Despite tremendous advances in text generation, many of the chatbots available are still rather irritating and unhelpful. This 2022 ML paper from Google describes the LaMDA — short for “Language Model for Dialogue Applications” — system, which caused the uproar this summer when a former Google engineer, Blake Lemoine, alleged that it is sentient. LaMDA is a family of large language models for dialog applications built on Google’s Transformer architecture, which is known for its efficiency and speed in language tasks such as translation. The model’s ability to be adjusted using data that has been human-annotated and the capability of consulting external sources are its most intriguing features.

The model, which has 137 billion parameters, was pre-trained using 1.56 trillon words from publicly accessible conversation data and online publications. The model is also adjusted based on the three parameters of quality, safety, and groundedness.

Privacy for Free: How does Dataset Condensation Help Privacy?

One of the primary proposals in the award-winning ML paper is to use dataset condensation methods to retain data efficiency during model training while also providing membership privacy. The authors argue that dataset condensation, which was initially created to increase training effectiveness, is a better alternative to data generators for producing private data since it offers privacy for free.

Though existing data generators are used to produce differentially private data for model training to minimize unintended data leakage, they result in high training costs or subpar generalization performance for the sake of data privacy. This study was published by Sony AI and received the Outstanding Paper Award at ICML 2022.

TranAD: Deep Transformer Networks for Anomaly Detection in Multivariate Time Series Data

The use of a model that converts time series into anomaly scores at each time step is essential in any system for detecting time series anomalies. Recognizing and diagnosing anomalies in multivariate time series data is critical for modern industrial applications. Unfortunately, developing a system capable of promptly and reliably identifying abnormal observations is challenging. This is attributed to a shortage of anomaly labels, excessive data volatility, and the expectations of modern applications for ultra-low inference times.

In this study , the authors present TranAD, a deep transformer network-based anomaly detection and diagnosis model that leverages attention-based sequence encoders to quickly execute inference while being aware of the more general temporal patterns in the data. TranAD employs adversarial training to achieve stability and focus score-based self-conditioning to enable robust multi-modal feature extraction. The paper mentions extensive empirical experiments on six publicly accessible datasets show that TranAD can perform better in detection and diagnosis than state-of-the-art baseline methods with data- and time-efficient training.

Photorealistic Text-to-Image Diffusion Models with Deep Language Understanding

In the last few years, generative models called “diffusion models” have been increasingly popular. This year saw these models capture the excitement of AI enthusiasts around the world.

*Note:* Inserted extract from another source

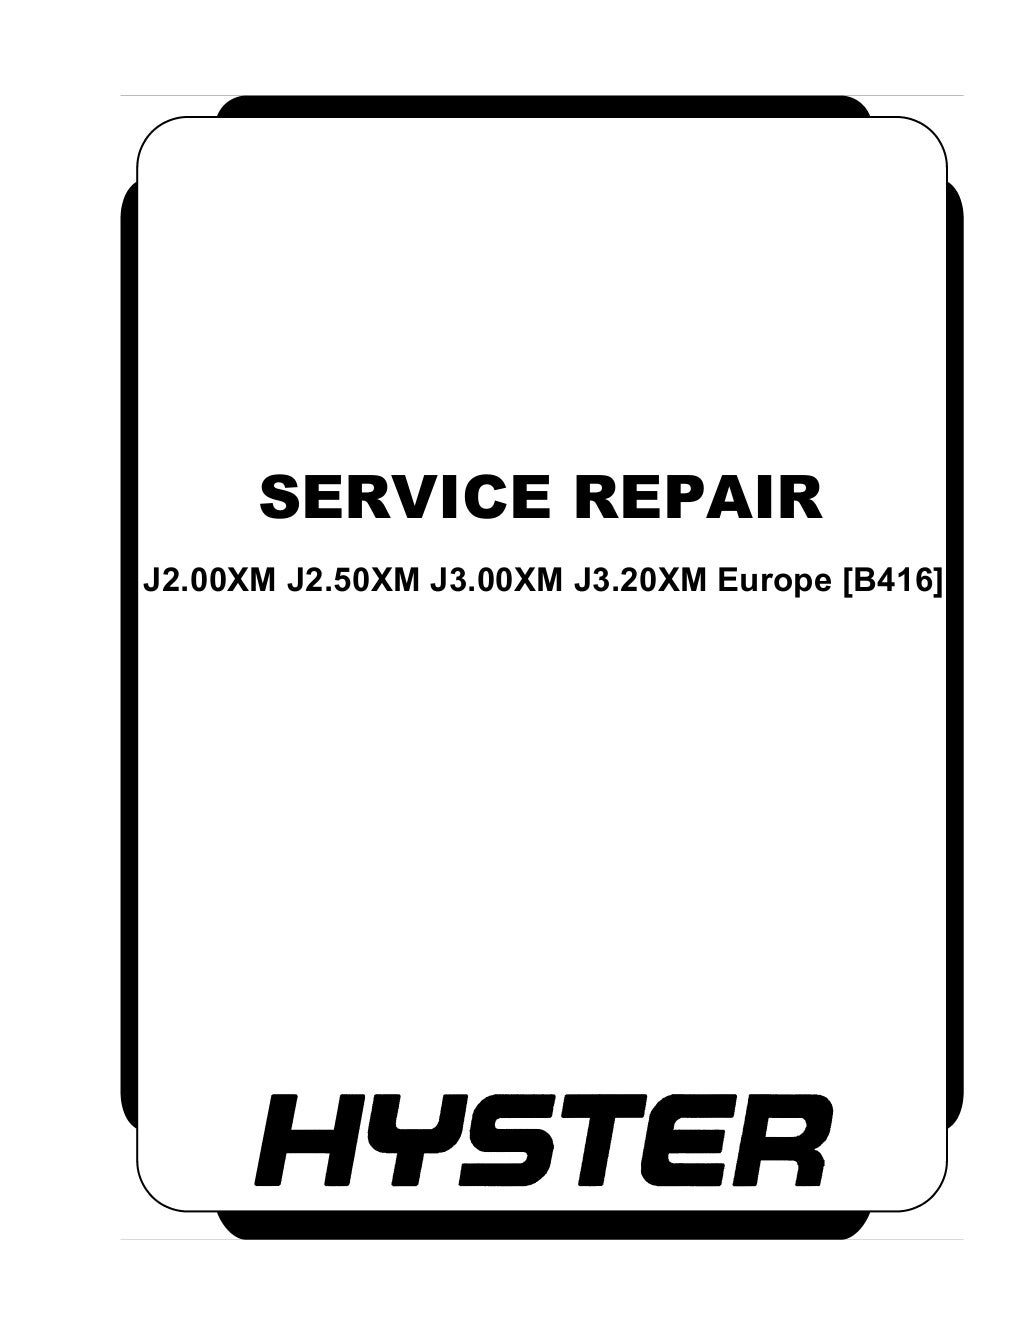 Hyster b416 (j3.20 xm europe) forklift service repair manual

Going ahead of the current text to speech technology of recent times, this outstanding 2022 ML paper introduced the viral text-to-image diffusion model from Google, Imagen. This diffusion model achieves a new state-of-the-art FID score of 7.27 on the COCO dataset by combining the deep language understanding of transformer-based large language models with the photorealistic image-generating capabilities of diffusion models. A text-only frozen language model provides the text representation, and a diffusion model with two super-resolution upsampling stages, up to 1024×2014, produces the images. It employs several training approaches, including classifier-free guiding, to teach itself conditional and unconditional generation. Another important feature of Imagen is the use of dynamic thresholding, which stops the diffusion process from being saturated in specific areas of the picture, a behavior that reduces image quality, particularly when the weight placed on text conditional creation is large.

No Language Left Behind: Scaling Human-Centered Machine Translation

This ML paper introduced the most popular Meta projects of the year 2022: NLLB-200. This paper talks about how Meta built and open-sourced this state-of-the-art AI model at FAIR, which is capable of translating 200 languages between each other. It covers every aspect of this technology: language analysis, moral issues, effect analysis, and benchmarking.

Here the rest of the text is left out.